Import Library Components

from pipelinepy import Pipeline
from pipelinepy.transformations import Lambda, Transformation

Define Transformations

Transformation functions manipulate data. Here's how you can define some common transformations:

def Add(value):
    return Lambda(lambda data, value=value: [x + value for x in data])

def SubOne():
    return Lambda(lambda data: [x - 1 for x in data])

def Multiply(value):
    return Lambda(lambda data, value: [x * value for x in data], value)

def Print(prefix=""):
    return Lambda(lambda data, prefix: [print(prefix, data), data][1], prefix)

Custom Transformation Classes

For more complex logic, you can define transformation classes:

class Power(Transformation):
    def __init__(self, exponent):
        self.exponent = exponent

    def apply(self, data, context=None):
        return [x ** self.exponent for x in data]

class Square(Transformation):
    def apply(self, data, context=None):
        return [x * x for x in data]

class Filter(Transformation):
    def __init__(self, condition):
        self.condition = condition

    def apply(self, data, context=None):
        return list(filter(self.condition, data))

class SortBy(Transformation):
    def __init__(self, key_function, reverse=False):
        self.key_function = key_function
        self.reverse = reverse

    def apply(self, data, context=None):
        return sorted(data, key=self.key_function, reverse=self.reverse)

Initialize Data

You can start your pipeline with predefined or dynamically generated data:

class InitializeData(Transformation):
    def apply(self, data, context=None):
        return [1, 2, 3, 4, 5, 6, 7, 8, 9, 10]

Example Usage

Here is how you can set up and run a pipeline with multiple stages:

def main():
    context = {'increment': 1}
    pipeline = Pipeline(context)
    pipeline.add_pre_hook(pre_hook)
    pipeline.add_post_hook(post_hook)
    pipeline\
    .stage(InitializeData, description="Initial data")\
    .stage(Add, 2, description="Add 1")\
    .stage(RaiseTo, 2, description="Raise to 2")\
    .stage(Square, description="Square")\
    .stage(Print, prefix="Before SubOne")\
    .stage(lambda data: [x - 1 for x in data])\
    .stage(Multiply, 2)\
    .stage(Filter, lambda x: x > 200, description="Filter even numbers")\
    .stage(SortBy, lambda x: x, reverse=True, description="Sort descending")\
    .stage(Take, 2)\
    .stage(Print, prefix="Final Output")\
    .run()

if __name__ == "__main__":
    main()

Advanced Configuration

PipelinePy supports various configurations to tailor the behavior of data transformations according to specific needs.
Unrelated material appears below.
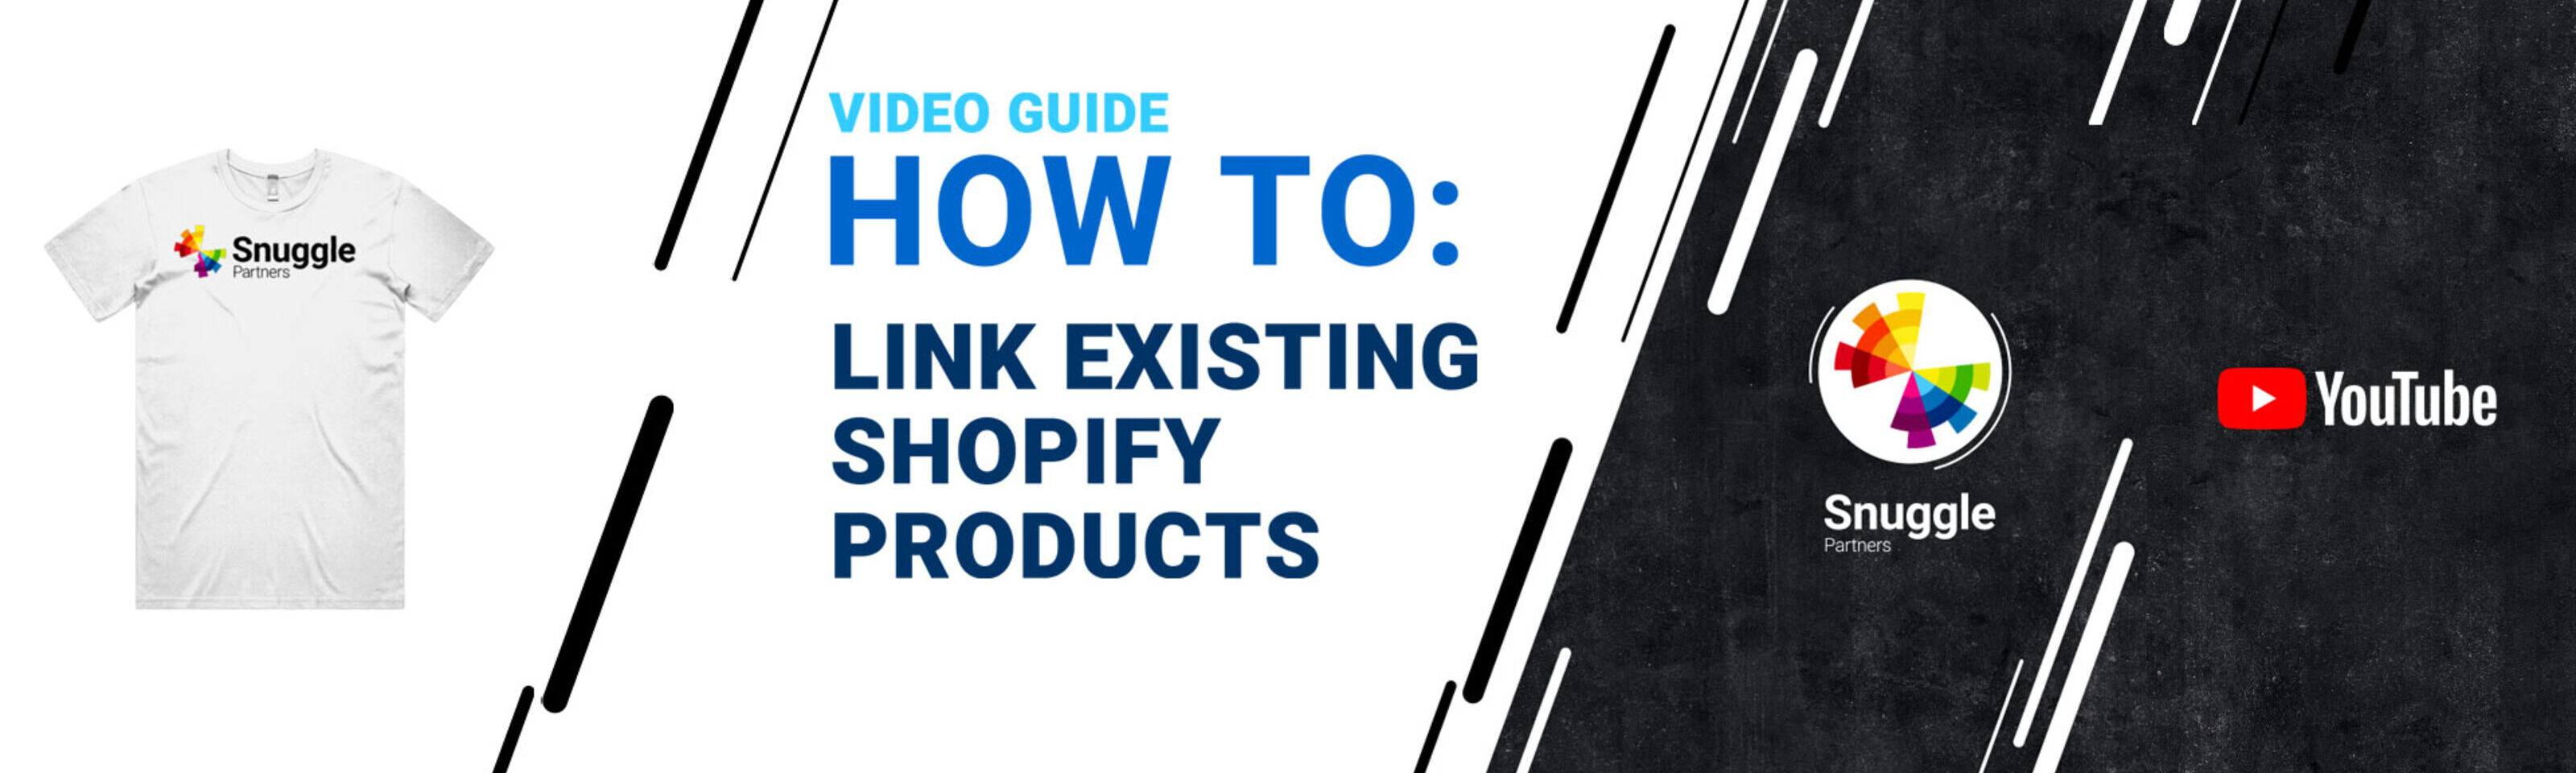 HOW TO: Link Existing Shopify Products

Here are some advanced configurations you might consider:

  • Context Customization: You can pass a context object that carries runtime-specific data throughout the pipeline execution. This can be useful for conditionally altering the behavior of transformations based on external factors.

  • Dynamic Data Sources: The pipeline can dynamically source its initial data from external APIs or databases at runtime, allowing for highly adaptive data processing workflows.

Example: Configuring a Dynamic Data Source

class DynamicData(Transformation):
    def apply(self, data, context=None):
        # Assume fetch_data is a function that retrieves data based on some criteria
        return fetch_data(context.get('data_source'))

Contributing

We welcome contributions from the community! Here are some ways you can contribute:

  • Submit Bug Reports and Feature Requests: Use the Issues section of our GitHub repository to report problems or suggest new features.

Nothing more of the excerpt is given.